Some years a team will get 8 home games to 4, a lot of the time it's 7-5. I understand how the conferences and individual schools come up with how many they get to play, but I find it hard to give much credit to teams who get to play so many games with their home-field advantage. And why is NCAAF the only major sport league in America that doesn't have an equal schedule of home and away games for the teams (that I know of)?
5 Answers
- TheOnlyBeldinLv 71 decade agoFavorite Answer
College basketball has some of the same issues (just look at Syracuse and whether they've EVER played a non-conference road game).
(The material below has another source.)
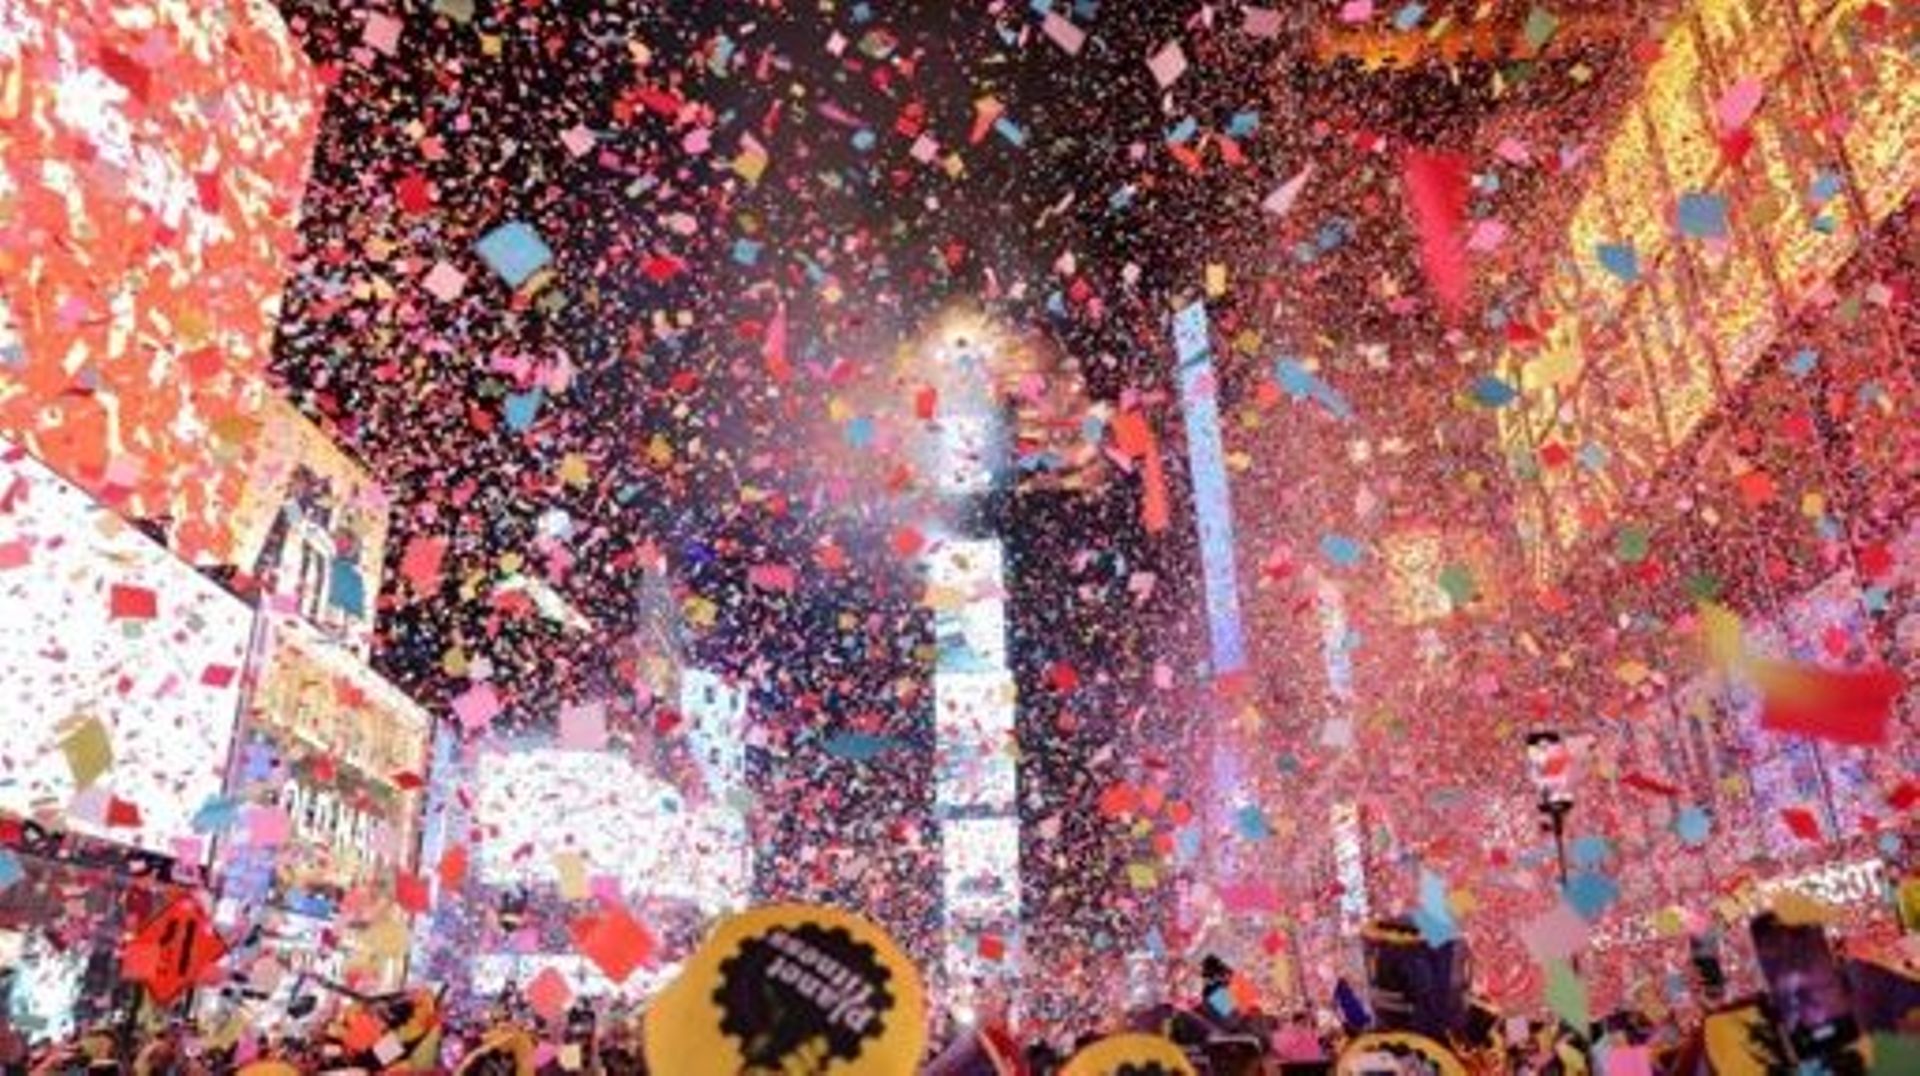 Onlookers watch as confetti fills the air to mark the beginning of the new year, in Times Square, New York City, on January 1, 2023.   Yuki IWAMURA / AFP

Money is the major factor. I don't have a huge problem with a 7-5 split, but 8-4 is ridiculous. Since most conferences play 8 conference games, that means NO non-conference road games. And it all has to do with your record, and trying to make a bowl, where whether you win or not is much more important than who you play. As long as small schools are willing to travel for the $$$ and there is no playoff system in place where strength-of-schedule plays a major role, you're going to see 8-4 splits, and 8-4 splits where most of those games are essentially unwatchable.
- Anonymous1 decade ago
Money.
The conference schedule dictates (most of the time) that you play an equal amount of home and road games.
The rest of the games are scheduled at the school's leisure. If you're a bigger school, you can simply throw money at a smaller school to come to your place and play you.
This is why the Sun Belt, the MAC and the WAC (the lower half anyway) continue to exist.
- DaClintLv 51 decade ago
Hey, Vanderbilt has 8 home games, and season tickets are still only $99.
But who needs home games when you can beat a #6 team at their place?
- Cowboy87Lv 51 decade ago
Simple economics, they can sell more tickets at the coliseum then they can at Stanford's home stadium.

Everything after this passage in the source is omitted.